--- Extracted data ---
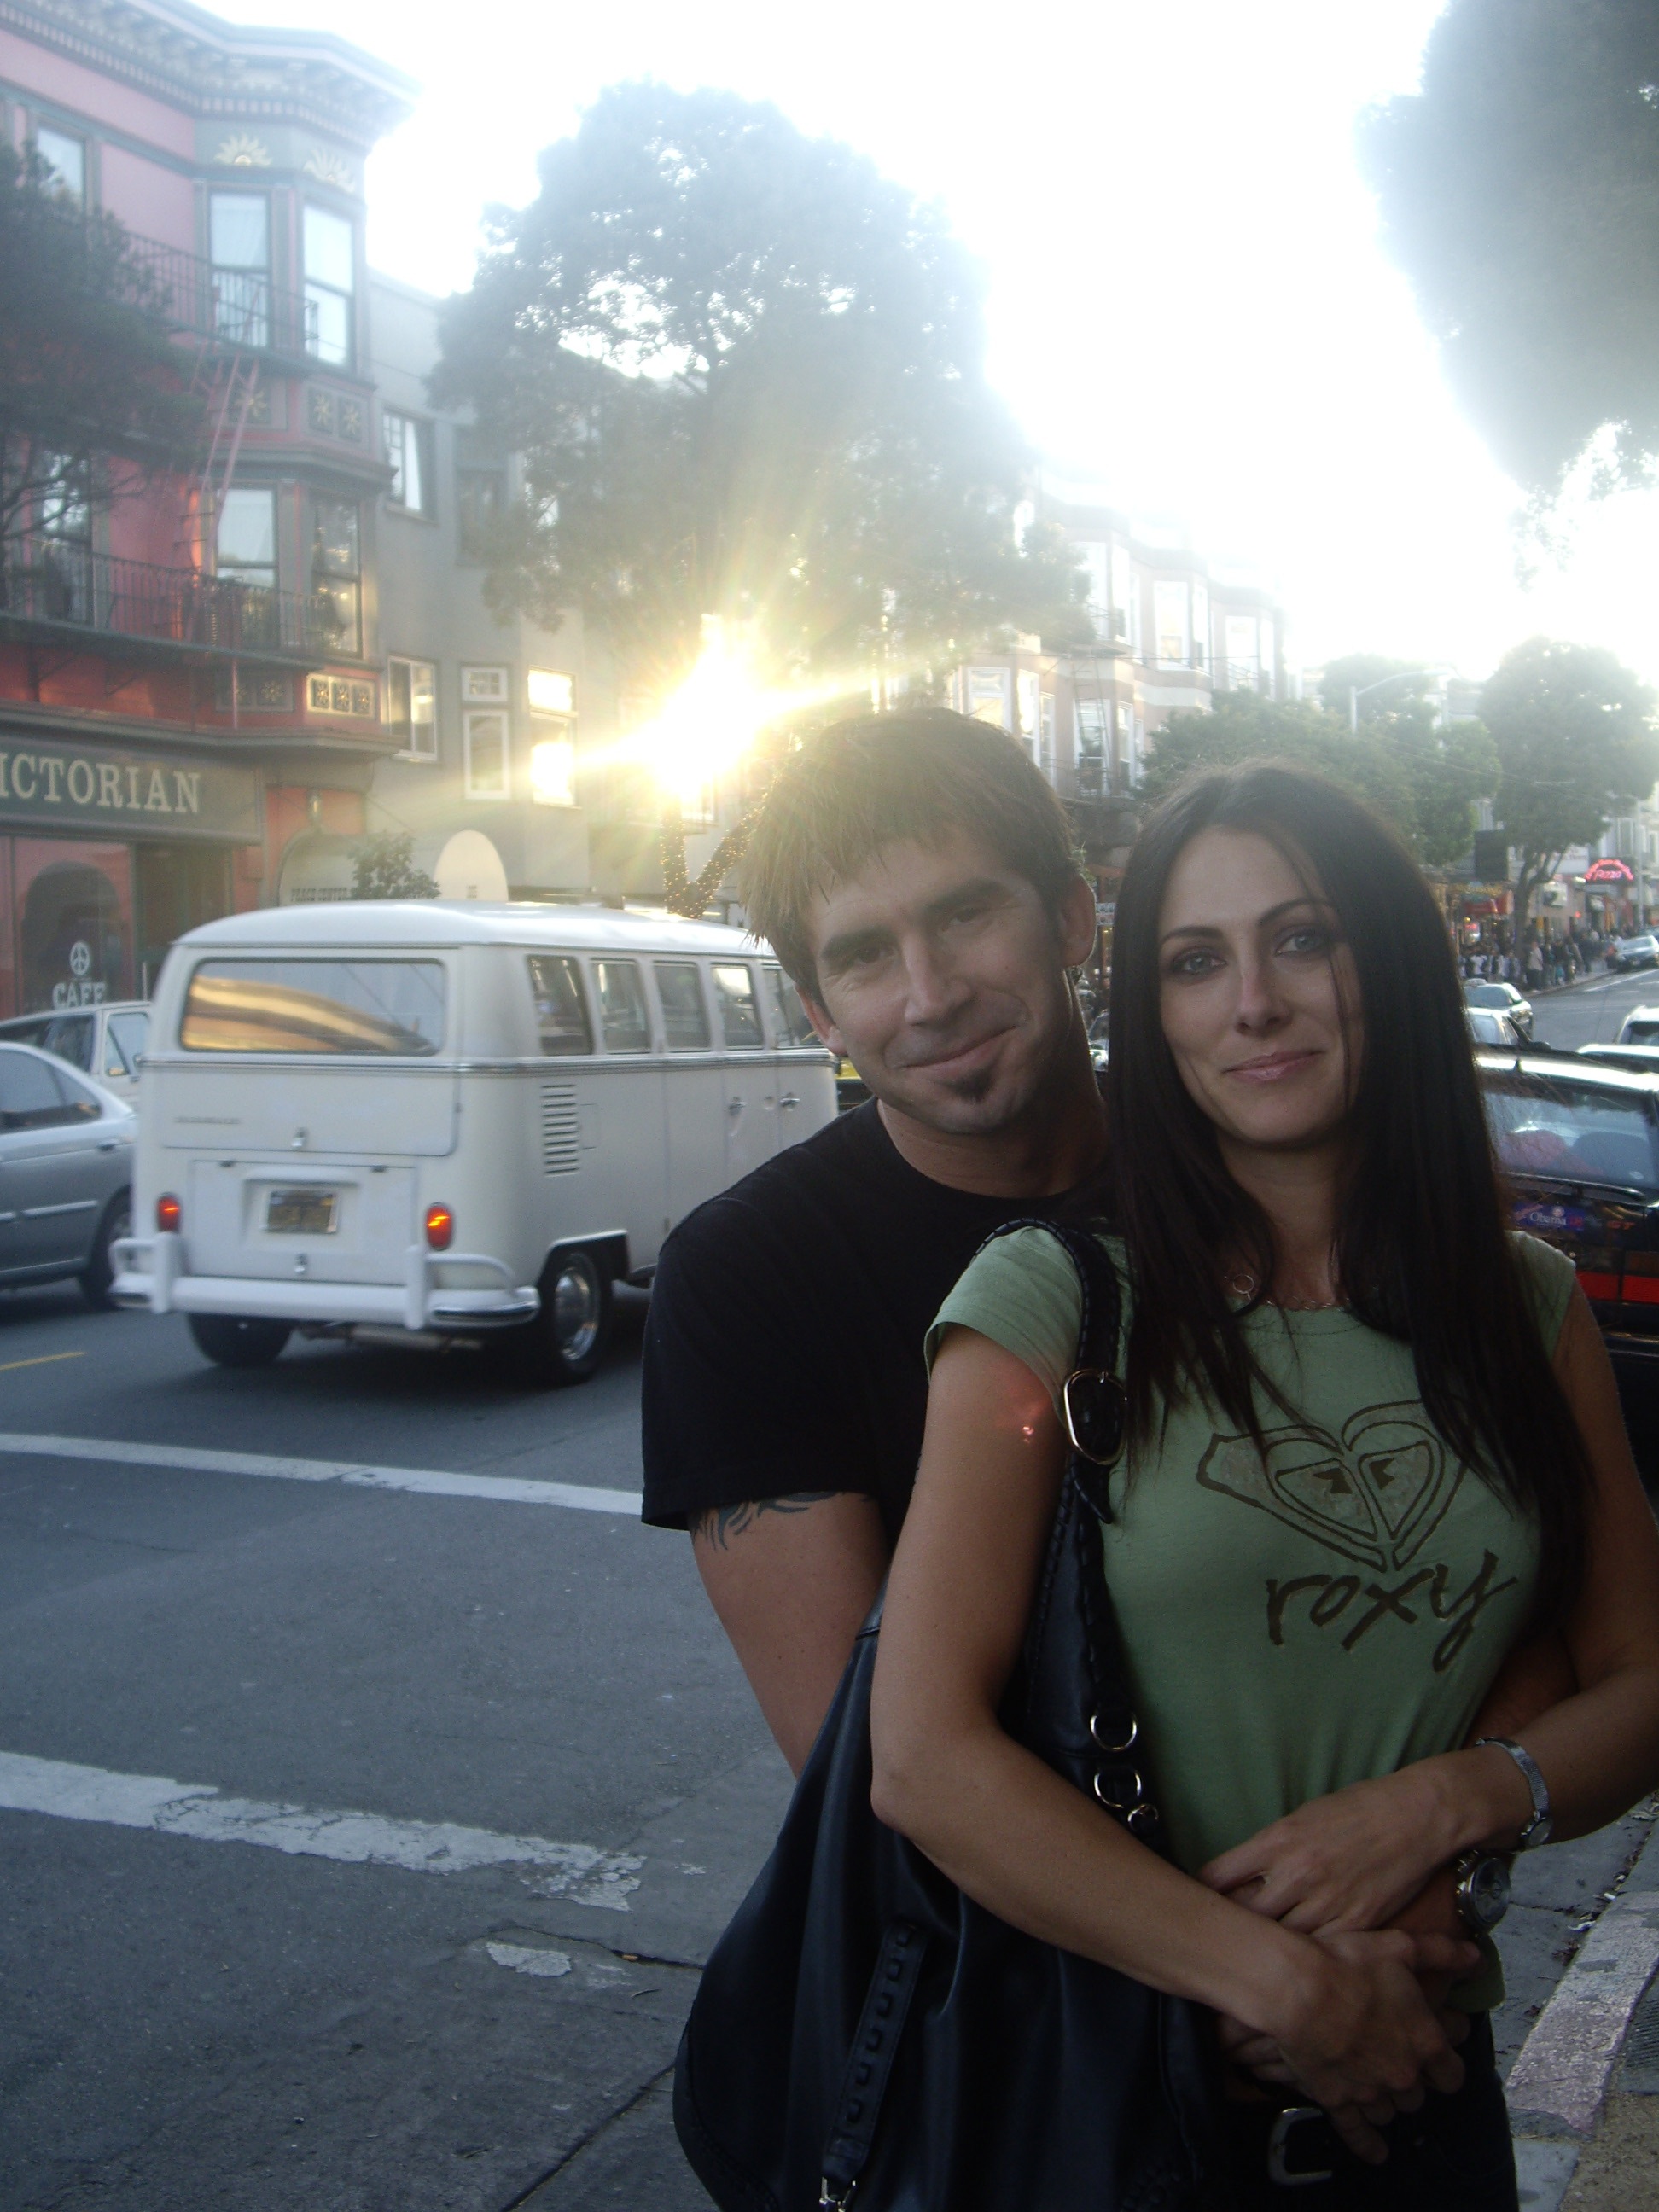 exfiance and I in sf
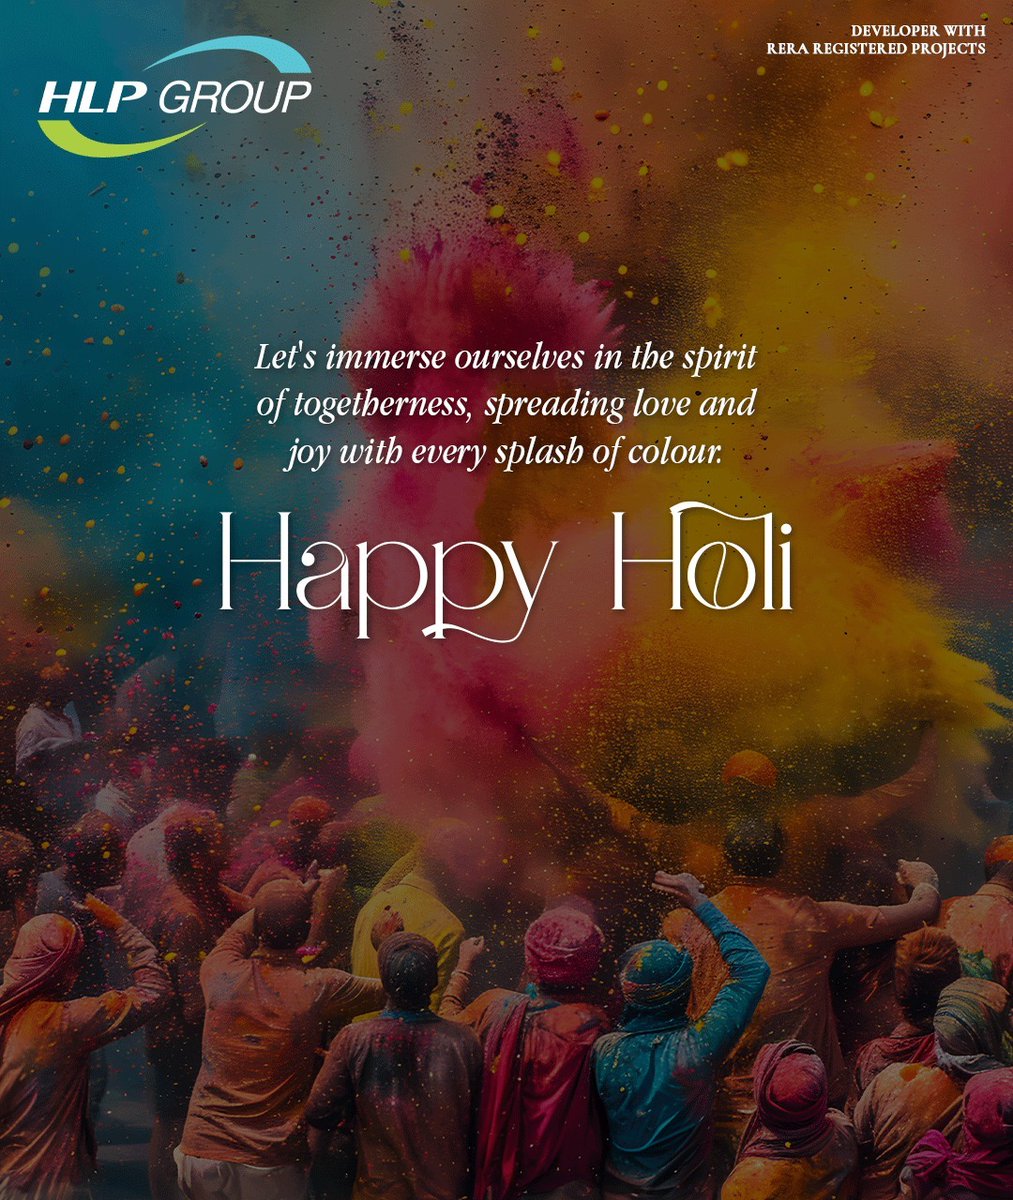 As you celebrate Holi, may the vibrant colours uplift your spirits, wipe away sorrows, and fill your world with laughter and love.

Happy Holi

#HLPGroup #HLPSocialSquare #HLPPalmillas #HLPGalleria #Togetherness #Colours #Joy #Happiness #Laughter #Love  #SplashOfColours
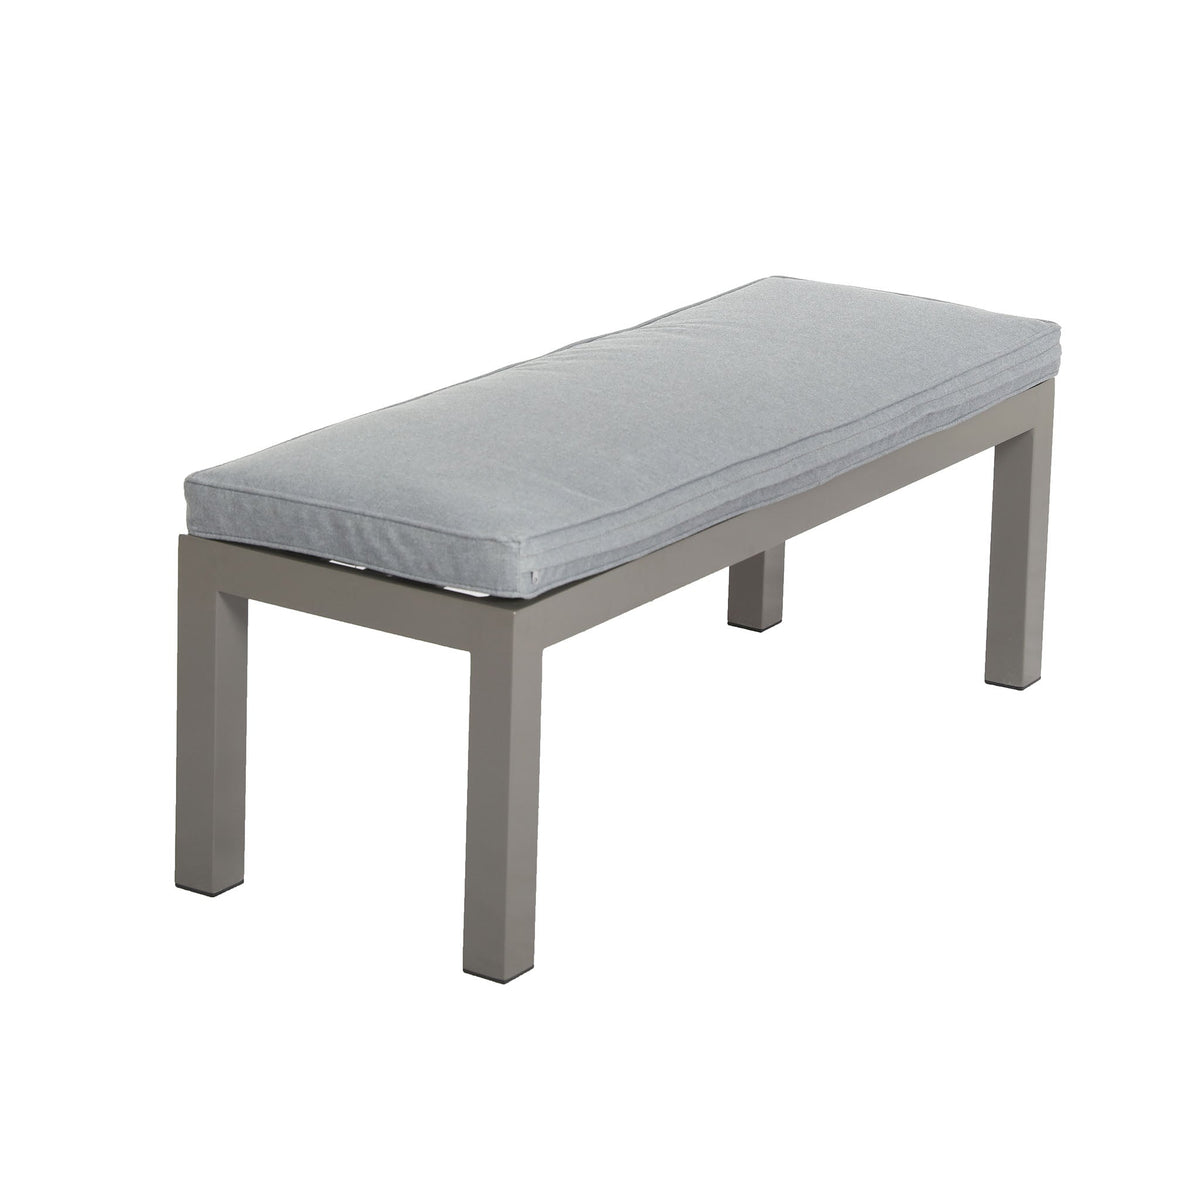 Mayfair 150cm Grey Outdoor Corner Fire Pit Table Lounge Set Bench
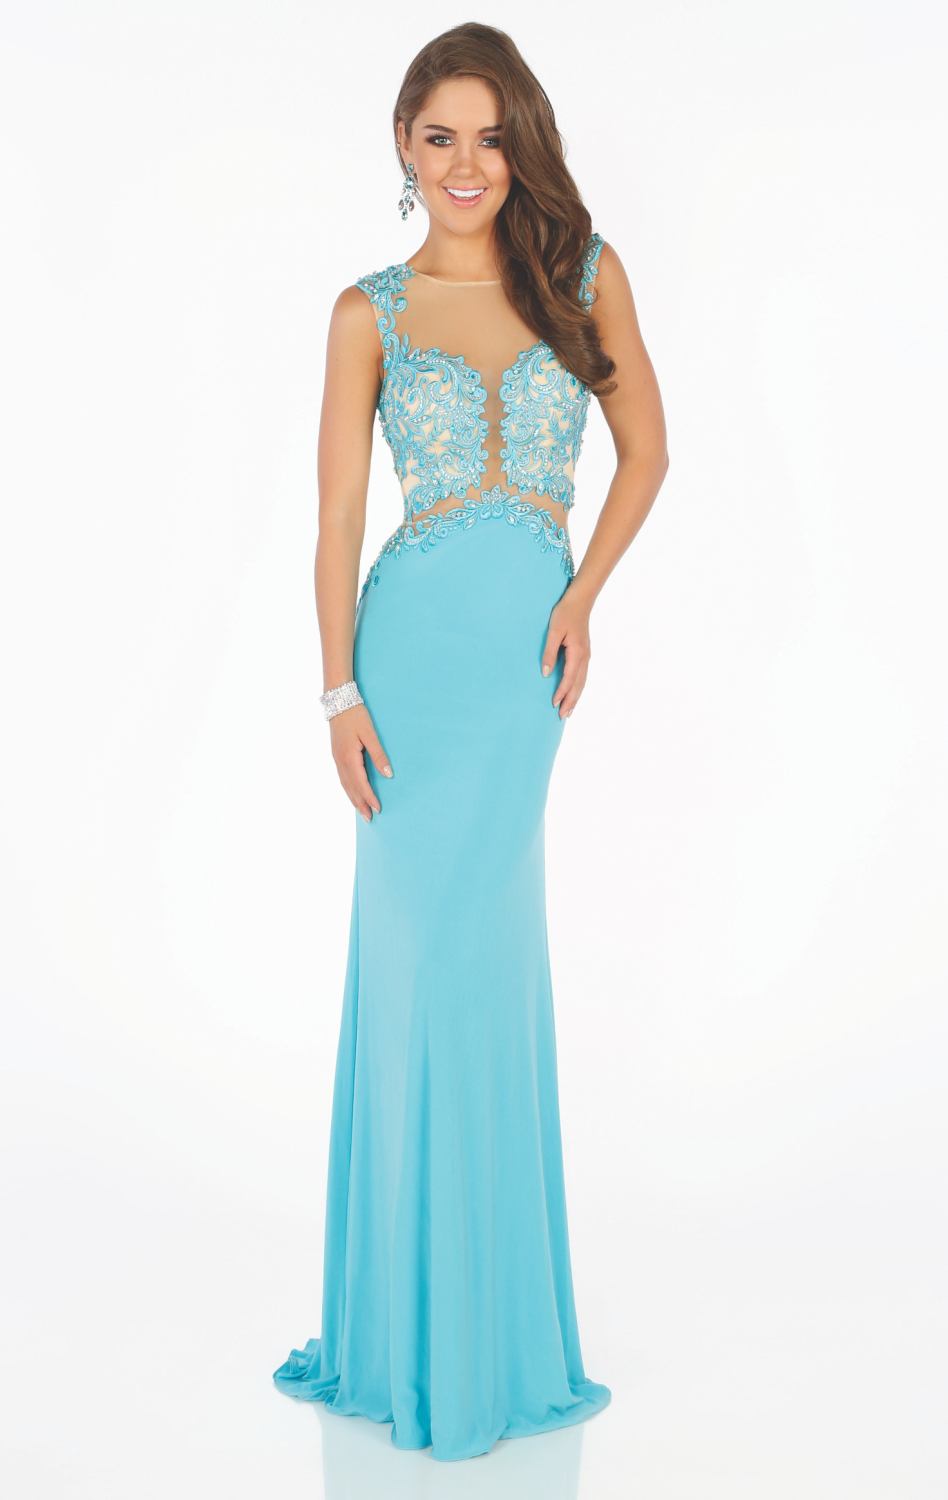 20 Gorgeous Prom Gowns Ideas for Your Big Night
---
**What is expected:** The task calls for duplicating the data exactly, with no images kept.

**Exercise result:**
 exfiance and I in sf
 As you celebrate Holi, may the vibrant colours uplift your spirits, wipe away sorrows, and fill your world with laughter and love.

Happy Holi

#HLPGroup #HLPSocialSquare #HLPPalmillas #HLPGalleria #Togetherness #Colours #Joy #Happiness #Laughter #Love  #SplashOfColours
 Mayfair 150cm Grey Outdoor Corner Fire Pit Table Lounge Set Bench
 20 Gorgeous Prom Gowns Ideas for Your Big Night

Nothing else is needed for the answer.